Should it be the end of a marriage after discovering about an affair?
I frequently meet with new clients shortly after they or their spouse have revealed or discovered an affair. This is always a painful situation for everyone involved. Emotions run high. Commonly, anger, hurt, grief on are felt one hand. Guilt, shame, anger and relief on the other. People are unmoored from the presumptions of their lives and wondering what to do.
There is no question that it is important to address the feelings that come up around an affair. Failing or refusing to address the complex and deep emotions of this circumstance can have deep psychological and health implications Furthermore, it is often very upsetting for people to learn that in Westchester divorce as in the rest of New York State, the fact of an affair, alone, gives the aggrieved spouse the right to get divorced . . . but not much other recompense. Looking to the law to find a way to manage the feelings that arise after an affair is frustrating and often destructive.

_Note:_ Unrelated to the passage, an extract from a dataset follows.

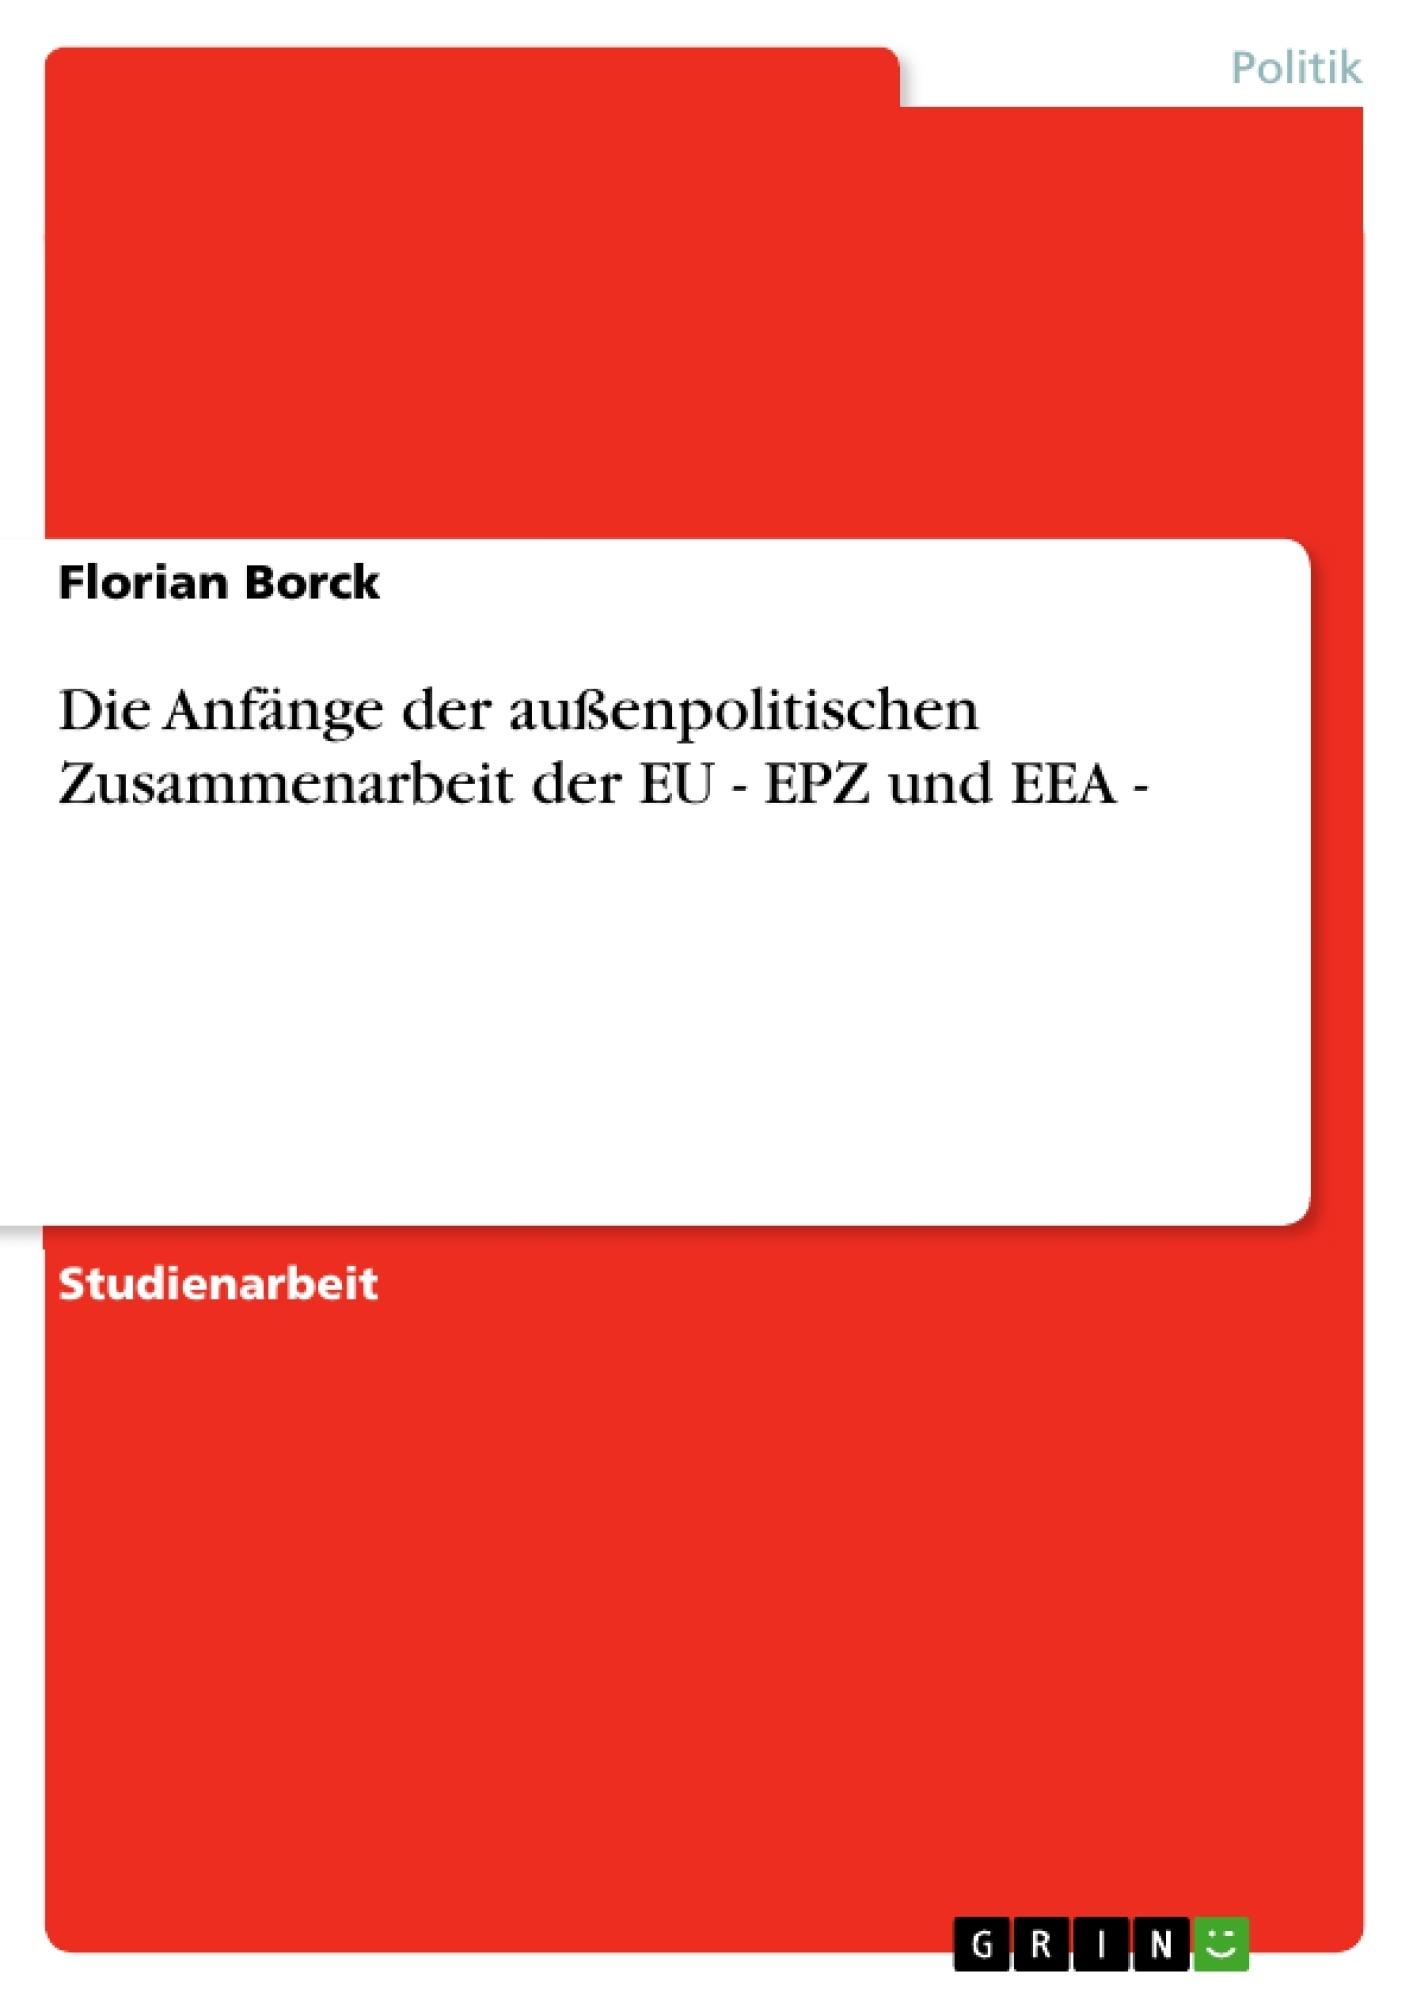 Titel: Die Anfänge der außenpolitischen Zusammenarbeit der EU - EPZ und EEA -

Some other states deal differently with adultery. In some states, a spouse who has been cheated on can be relieved of the obligation of spousal support regardless of other factors. In almost all US jurisdictions including New York divorce, if a spouse uses marital assets to support an extra-marital relationship, those monies are often refunded to the other.
One thing I have noticed is that the people who deal most successfully with this situation are able to separate their actions from their emotions. In other words they are able to act in their own interests rather than react to the revealed the affair. People who are able to think about where they want to go and what this event means to and for them before they do anything are best able to survive the impact financially and emotionally and help their children through a resulting separation or divorce. Some of the things that people do to successfully manage the impact of the affair are:
- Carefully consider whether the marriage can or should survive.
- Thoughtfully consider their finances, including their children’s education, their housing situation and their retirement funds.
- Protect their children from the details of their parent’s intimate lives.
For some people fidelity is the bottom line in a marriage. The fact of an affair means it’s over and there are no other considerations. Other people may feel that an infidelity is information that something is not working well in a marital relationship and want to work on identifying and exploring the problem further. There is no right answer. This is a confusing time for all involved and getting some help sorting out the swirling emotions is crucial.